__WHAT YOU NEED TO DO__
Write out each line of the listing as it stands, without the images.

__DATASET EXTRACT__
────────────────────

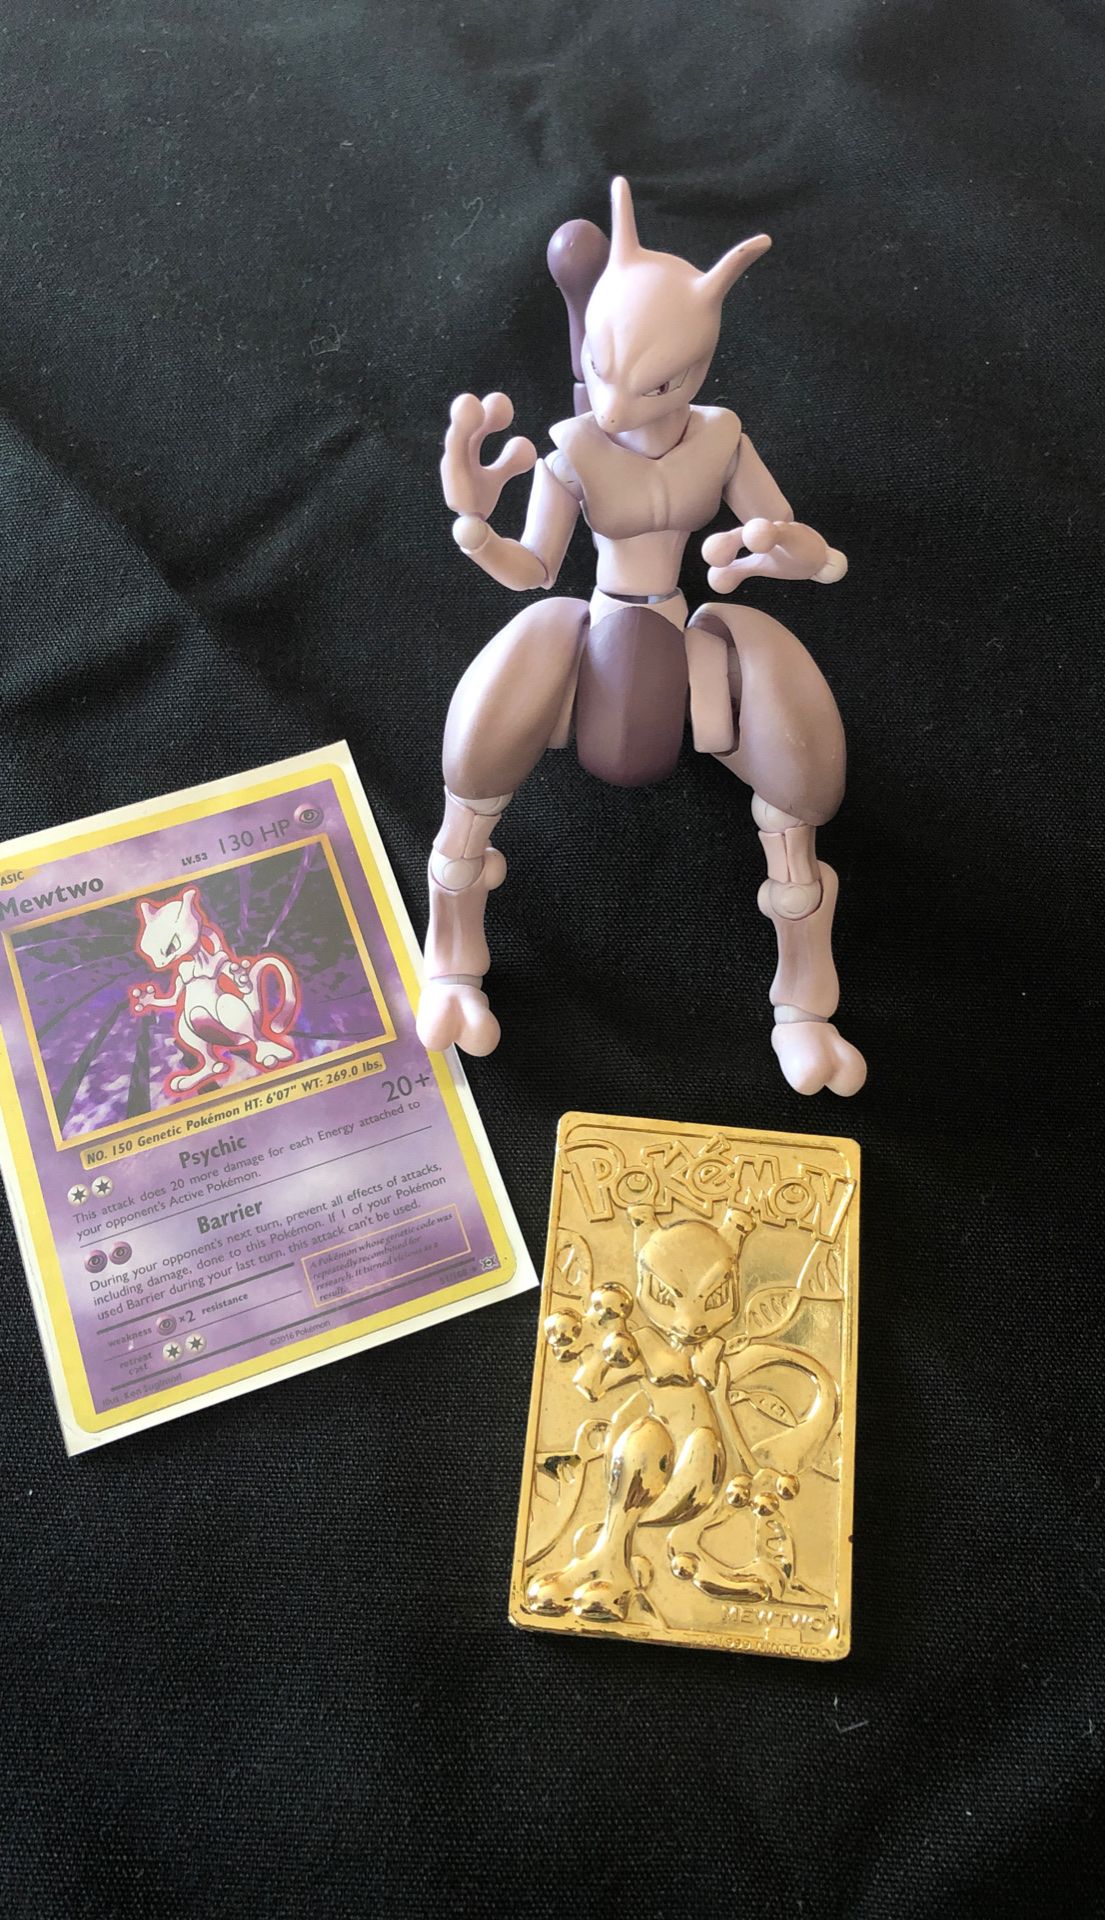 Mewtwo Pokémon figurine, card and gold card
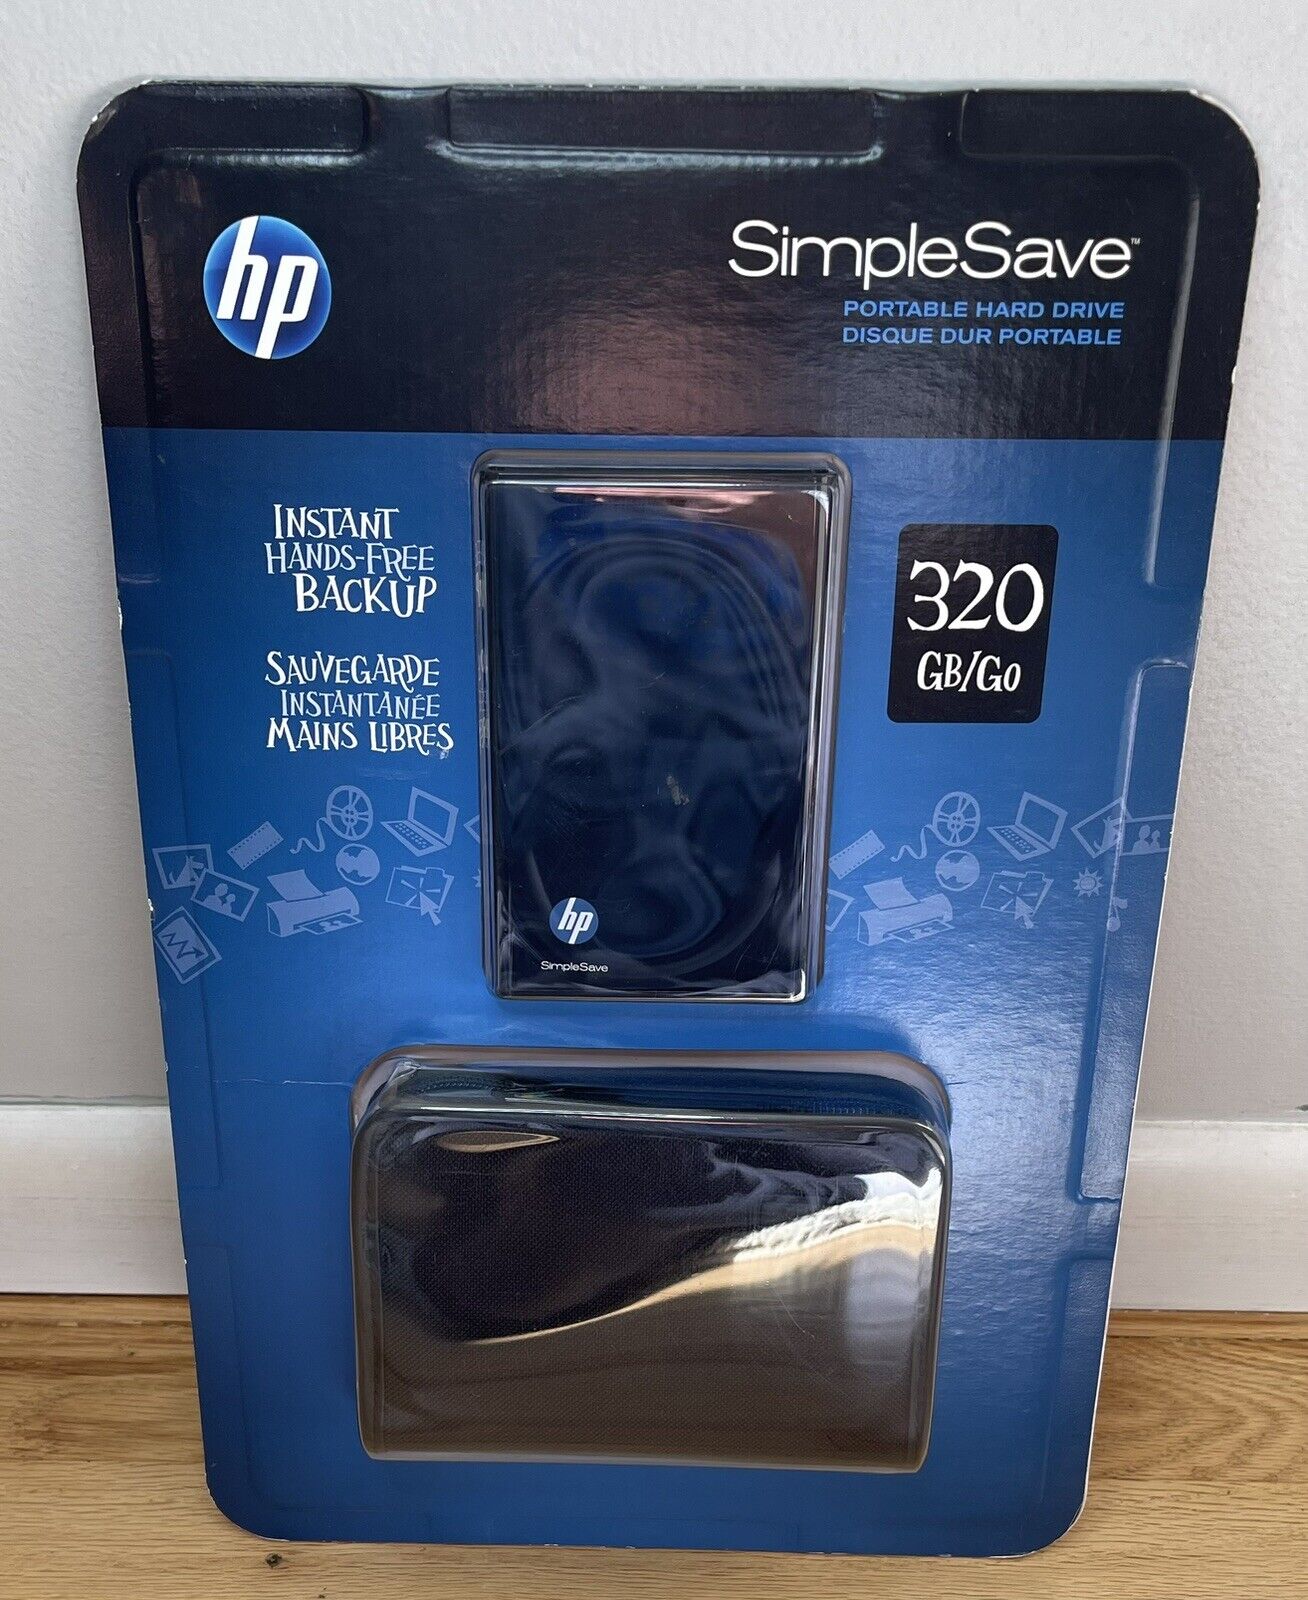 HP SimpleSave 320GB External USB 2.0 Portable Hard Drive
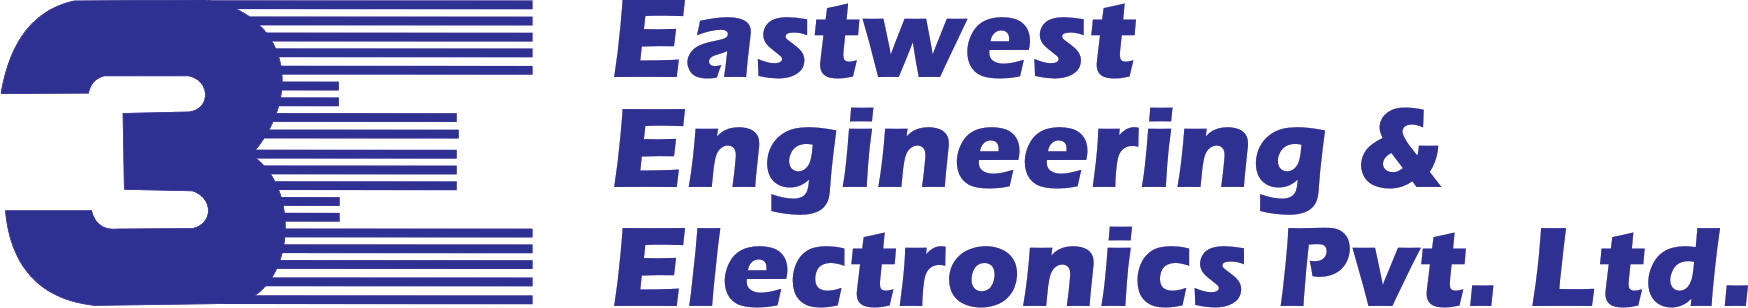 EASTWEST ENGINEERING & ELECTRONICS CO
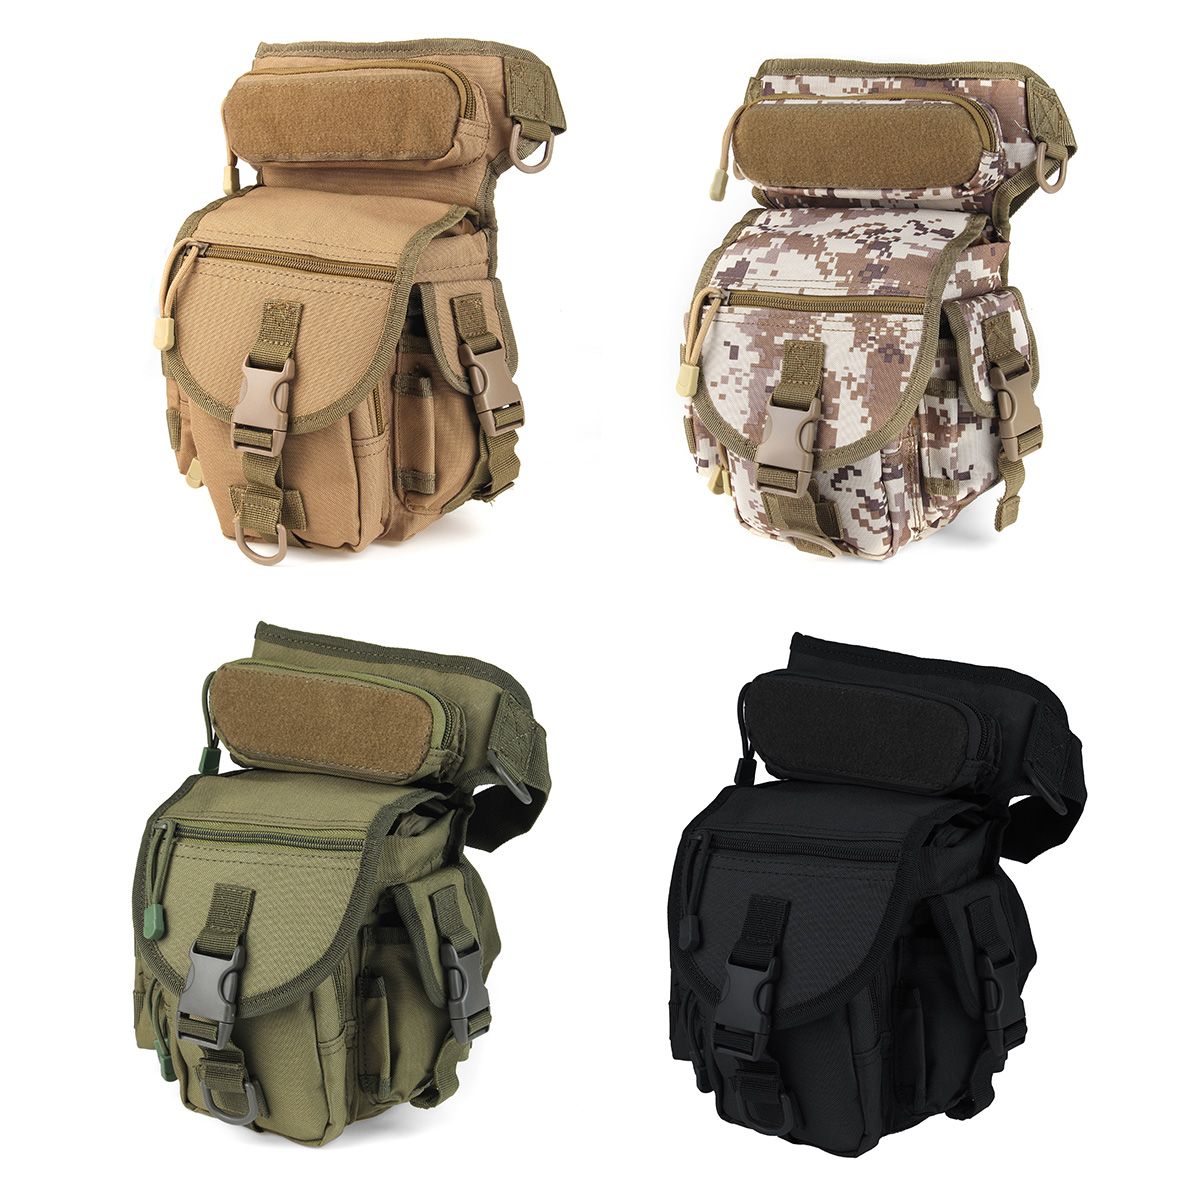 Nylon-Tactical-Waist-Bag-Military-Belt-Buckle-Pouches-Storage-Bag-Leg-Bag-Outdoor-Hunting-Climbing-1763612-1

────────────────────

__EXPECTED ANSWER__
 Mewtwo Pokémon figurine, card and gold card
 HP SimpleSave 320GB External USB 2.0 Portable Hard Drive
 EASTWEST ENGINEERING & ELECTRONICS CO
 Nylon-Tactical-Waist-Bag-Military-Belt-Buckle-Pouches-Storage-Bag-Leg-Bag-Outdoor-Hunting-Climbing-1763612-1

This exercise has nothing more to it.